Debout au bord du balcon sur le monticule de vase qui se durcissait, les yeux levés vers les voussures des fenêtres silencieuses, Kerans se demandait laquelle de ce millier de pièces pouvait bien cacher Hardman.

— J’espère que vous dites vrai. Encore faut-il que vous l’attrapiez…

— Ne vous en faites pas : on va y aller. Wilson, commença-t-il à crier aux deux hommes montés sur le toit, qui indiquaient à Daley comment manœuvrer l’hélicoptère pour le poser, surveillez le secteur sud-ouest. Quant à vous, Caldwell, allez vers le nord. Regardez bien des deux côtés : il peut essayer d’y parvenir à la nage.

Les deux hommes, après un salut militaire, s’en furent chacun de son côté, carabine sur la hanche. Macready serrait une Thompson au creux de son coude et Riggs se mit à déboutonner la patte de l’étui de son revolver.

— Nous ne sommes pas à une chasse au chien sauvage, Colonel, fit tranquillement remarquer Kerans.

— Allons, Robert, calmez-vous. Je ne tiens pas à me faire couper une jambe par un crocodile endormi, c’est tout ! En outre, si ça ne vous dit rien (il décocha à Kerans un sourire étincelant) je vous signale que Hardman porte sur lui un Colt 45 !…

Il laissa Kerans digérer la nouvelle et prit le haut-parleur.

— Hardman ! ! ! Ici le Colonel Riggs ! ! ! clama-t-il dans le silence étouffant ; puis, avec un clin d’œil à Kerans, il reprit : Lieutenant, le Docteur Kerans désire vous parler ! ! !

La voix alla se répercuter en plein centre du demi-cercle formé par les appartements ; les étangs et les ruisseaux renvoyèrent l’écho qui se mit à gronder dans le lointain, sur les grandes étendues boueuses, plates et désertiques. Tout, autour d’eux, chatoyait dans l’immensité de l’air chaud et les hommes restés sur le toit se mirent à frissonner nerveusement sous leurs képis. Une épaisse puanteur de bourbier se dégageait des bancs de vase sur laquelle tournait en rond une multitude d’insectes voraces, dansant et tourbillonnant. Un spasme nauséeux saisit soudain Kerans à la gorge et pendant un moment, il se sentit prêt à défaillir. Il leva la main et la pressa sur son front, puis s’adossa à un pilier, écoutant les échos qui se répercutaient autour de lui. À quelque quatre cents mètres de là, deux clochers (tours d’horloge) se dressaient, en pleine végétation, comme deux flèches d’un temple voué à quelque culte sauvage oublié. Elles renvoyaient son nom : « Kerans… Kerans… Kerans… » et il lui sembla que sonnait le glas qui annonçait une ère de terreur et de désastres. Les aiguilles de l’horloge semblaient le désigner de façon démentielle, et ne désigner que lui, uniquement, comme il ne l’avait encore jamais été, avec tous les spectres confus et menaçants qui projetaient une ombre de plus en plus grande sur son esprit, aiguilles innombrables d’une mandala[10] des temps cosmiques…

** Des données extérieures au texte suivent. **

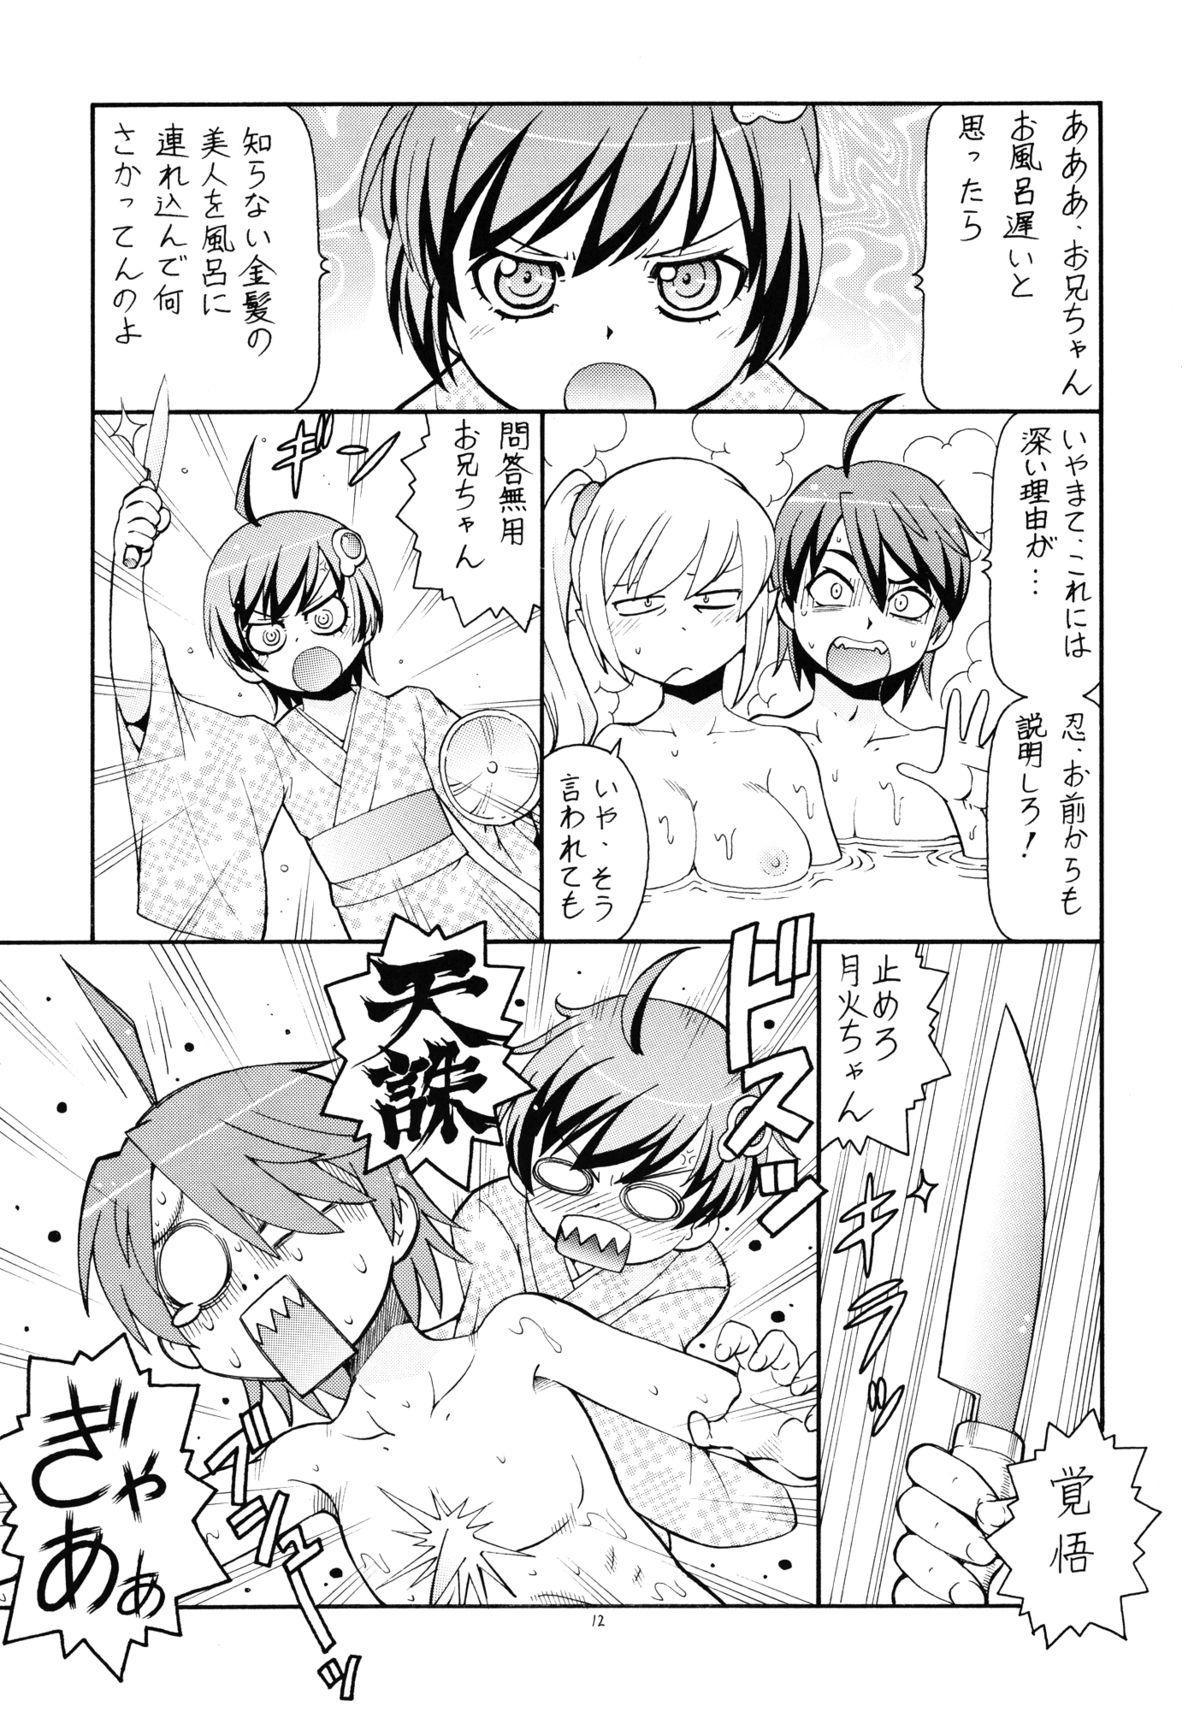 Pija Hito ni Hakanai to Kaite "Araragi" to Yomu 5&6 - Bakemonogatari Transex - Page 13

Son nom résonnait encore faiblement à ses oreilles quand ils commencèrent leurs recherches dans l’immeuble. Il prit place dans la cage d’escalier, au centre de chaque couloir, tandis que Riggs et Macready inspectaient les appartements ; il ouvrait l’œil chaque fois que les deux autres franchissaient un palier. Toutes les lames des parquets étaient pourries ou avaient été arrachées, et ils avançaient lentement sur les passages carrelés, marchant prudemment d’une solive de béton armé à l’autre. L’immeuble était complètement délabré ; presque tout le plâtre était tombé le long des murs et s’amassait en petits tas gris sur les plinthes. Partout où les rayons du soleil pénétraient, les plantes grimpantes et la mousse avaient envahi les interstices des lattes nues ; on aurait dit que l’immeuble avait été construit sur les fondations d’une végétation abondante, dont les ramifications couraient à travers chaque pièce et chaque corridor.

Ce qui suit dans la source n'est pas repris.